А Ломоносов, обернувшись к певцу, схватил того за шиворот и, приподнимая с мостовой, заорал в самое ухо:
— А ну-ка, покукарекай для нас! — и сопроводил слова внушительными ударами кулаком по рёбрам. — Ну, живо! Не то перья ощипаю!..
Возмущённые дамы надрывно визжали за окнами. Выскочивший Виноградов попытался было успокоить разбушевавшегося Ломоносова, но также был отброшен хорошим пинком.
— Кукарекай! — неистово кричал Михайла в ухо одуревшего от страха и боли в намятых боках непрошеного ухажёра.
— Ку... Ку... Ку-ка-ре-ку, — жалобно заикаясь, пискнул тот.
— Громче! — снова гаркнул Ломоносов и, отпустив певца, удовлетворённо стал слушать:
— Ку-ка-ре-ку! Ку-ка-ре-ку-у!
— Ах, какое приятное пение, — комментировал Ломоносов. — Какая прелесть, какой плезир! — глянул в окно и, юродиво гримасничая, поклонился. — Если дамы желают, он споёт ещё. Не желают? Ну, тогда проваливай! Вэг! — гаркнул Ломоносов «певцу». — Не понравилось твоё пение, прочь! — отвернулся и, отряхивая руки, как ни в чём не бывало, пошёл в дом.
Слух об этой расправе быстро распространился среди студентов, вызвав много толков и пересудов о силе а бесстрашии Ломоносова. Всё же раза два его пытались вызвать на традиционную дуэль на шпагах, которые между студентами, как правило, кончались одной, двумя отметинами. Но Ломоносов, приняв вызов, приходил с палкой и, плюя на традиции ломал её о голову и плечи дуэлянта. После этого всякие попытки задрать его, а заодно и других русских, прекратились. Их стали просто бояться, и укрепилось мнение, что этих «медведей» лучше не трогать, иначе будет плохо.
Фрау Цильх после этого случая долго смотрела на Ломоносова поджав губы, подавала еду молча, без обычных похвал и восхищений. Друг дома, негоциант Иге Рогеман, её в этом поддерживал и возмутительное поведение постояльца осуждал всячески.

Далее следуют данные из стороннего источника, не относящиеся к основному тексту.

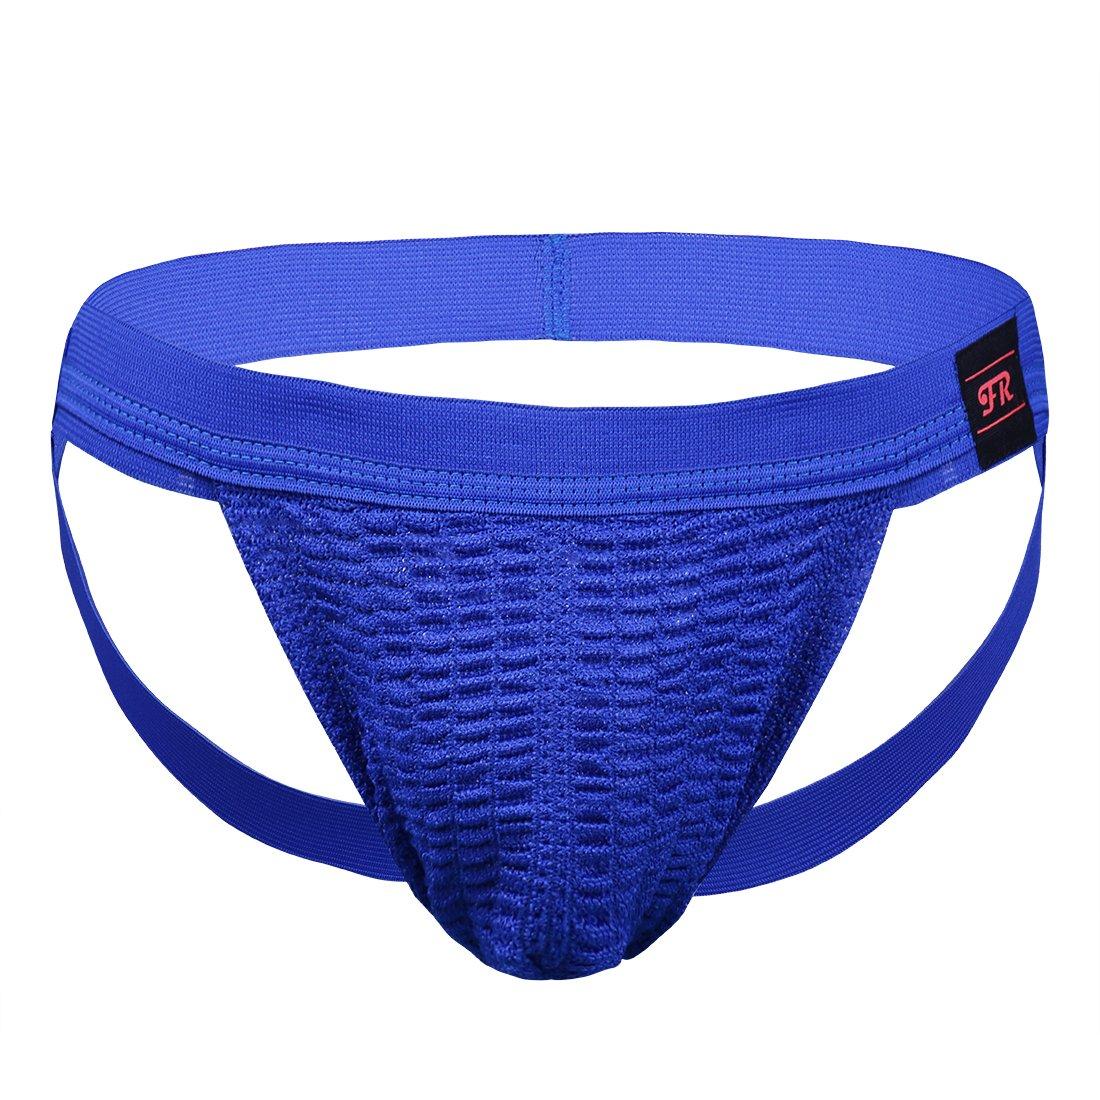 Freebily Man's Athletic Supporter Jockstrap Thongs Sports Briefs Underwear # Blue Large(Waist:32.0-47.0''/82-102cm)

Однако это не мешало ему всякий раз, когда он получал торговые письма то из Франции, то из Италии, а то ещё на каком-нибудь незнакомом языке, прибегать к услугам Ломоносова. «Варвар» переводил цивилизованному купцу деловые письма и составлял ответы. Рогеман благодарил, притворно изображая улыбку, способности Ломоносова к языкам хвалил как нечто полезное и могущее принести доход. Остальные же его занятия негоциант считал несусветной чушью, пустой тратой времени и денег.
Ну а Елизавета дулась недолго. Её, пожалуй, даже восхитило то, что из-за неё состоялось сражение, и она была бы совсем не прочь узреть что-либо подобное ещё раз.

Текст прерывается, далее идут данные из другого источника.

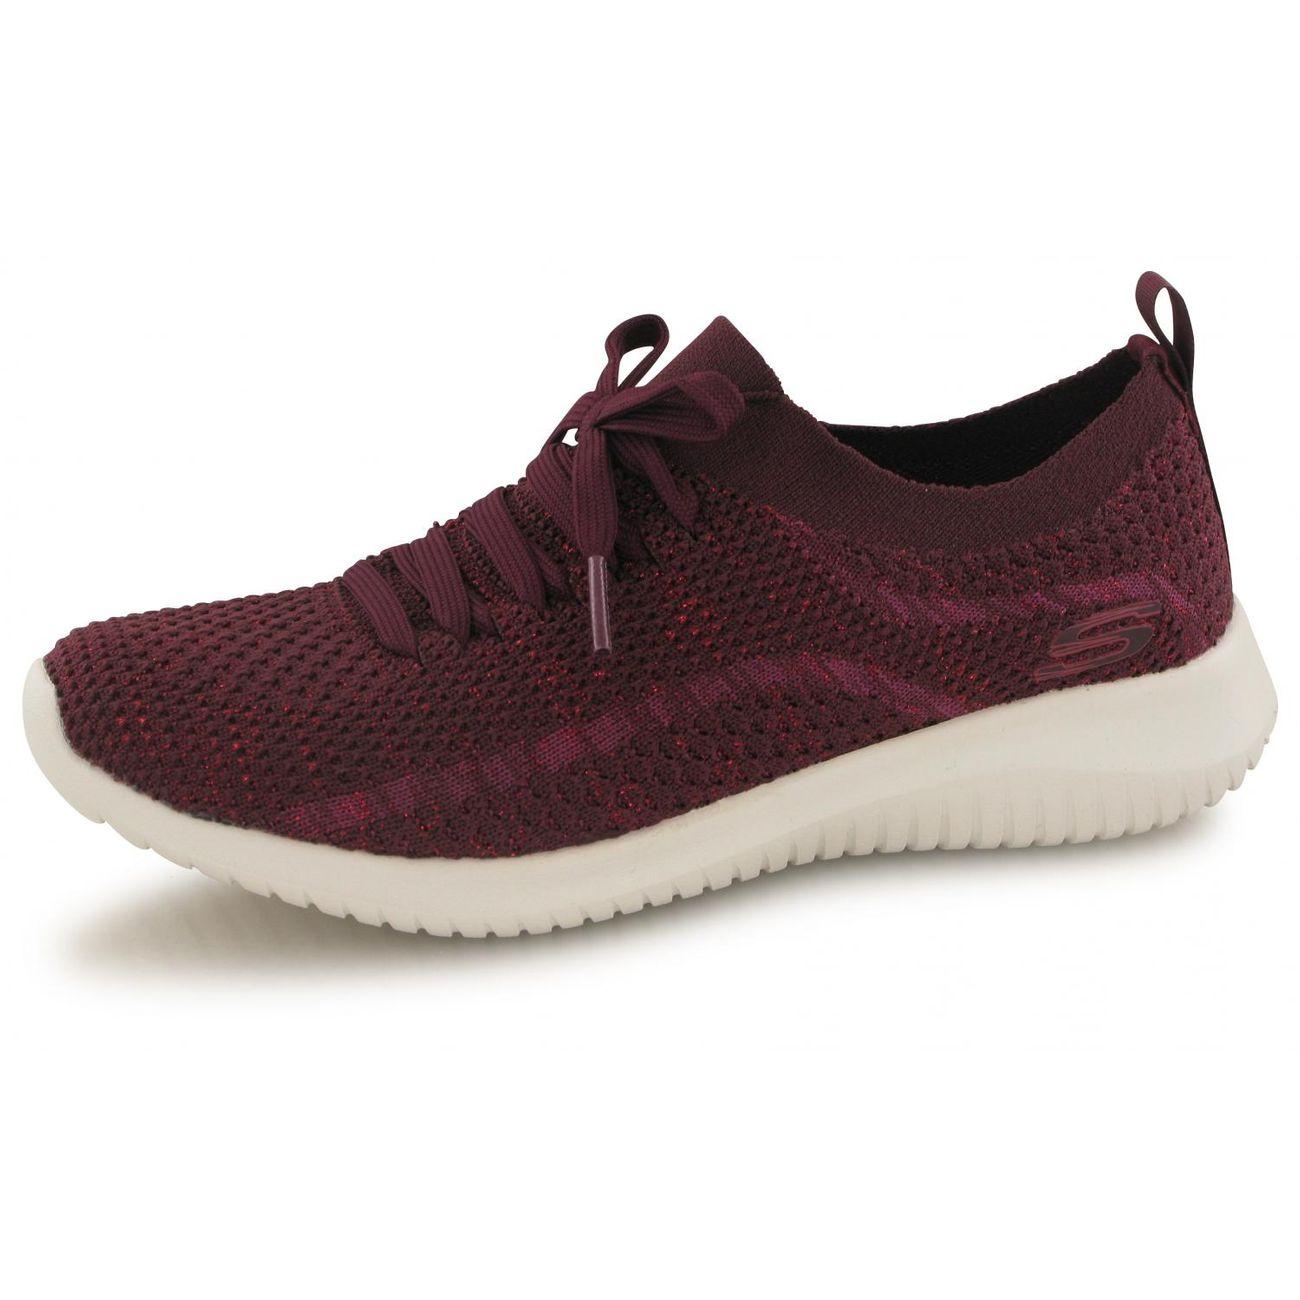 Chaussures Ultra Flex </p>                 <!--bof Quantity Discounts table -->                                 <!--eof Quantity Discounts table -->                  <!--bof Product URL -->                                 <!--eof Product URL -->             </div>             <div id=

Физика, теоретическая и экспериментальная, составляла главные труды учения, поглощая большую долю времени Ломоносова. Но нельзя же мимо другого пройти, что есть здесь, в университете. Всё надо увидеть и попытаться постичь, ежели даже и не на всякое осмысление сил и натуры хватит.
Медикусы и ранее вызывали любопытство Ломоносова, но поелику он сам был отменного здоровья, то от мыслей о болезнях ёжился до мурашек, дохтуров избегал и медицейской науки чурался. Всё же однажды, поддавшись уговорам приятелей, рискнул посетить в медицинском факультете анатомический театр.
Посетил и обмер, холодным потом зашёлся, испытав бледность чрезвычайную и слабость в чреслах. Кабы не страх прослыть трусом в глазах приведших его приятелей, убежал бы сразу.
А пред глазами разверзлось ужасное. Анатомию производили над одним человеком мужска полу, которова была голова отсечена и отдельно на доске обальзована и представлена. В тоей палате её тело вынято из гробу и положено на доску свинцовую. А медицейский профессор, собрав всех студентов той науки, сзади коих и Ломоносов отирался, почал мужика разнимать. При том осказывал причинные вещи, тянул жилы от рук и ног, указуя, как и куды они действуют. Все члены перебирал, и лёгкие, и сердце, и ту перепонку, в которой сердце лежит. Всякое место мертвецкое давал тем студентам осматривать и руками ощупывать, и тут оказалось, что то тело было в спиртусах налито, чтобы духу не было смрадного.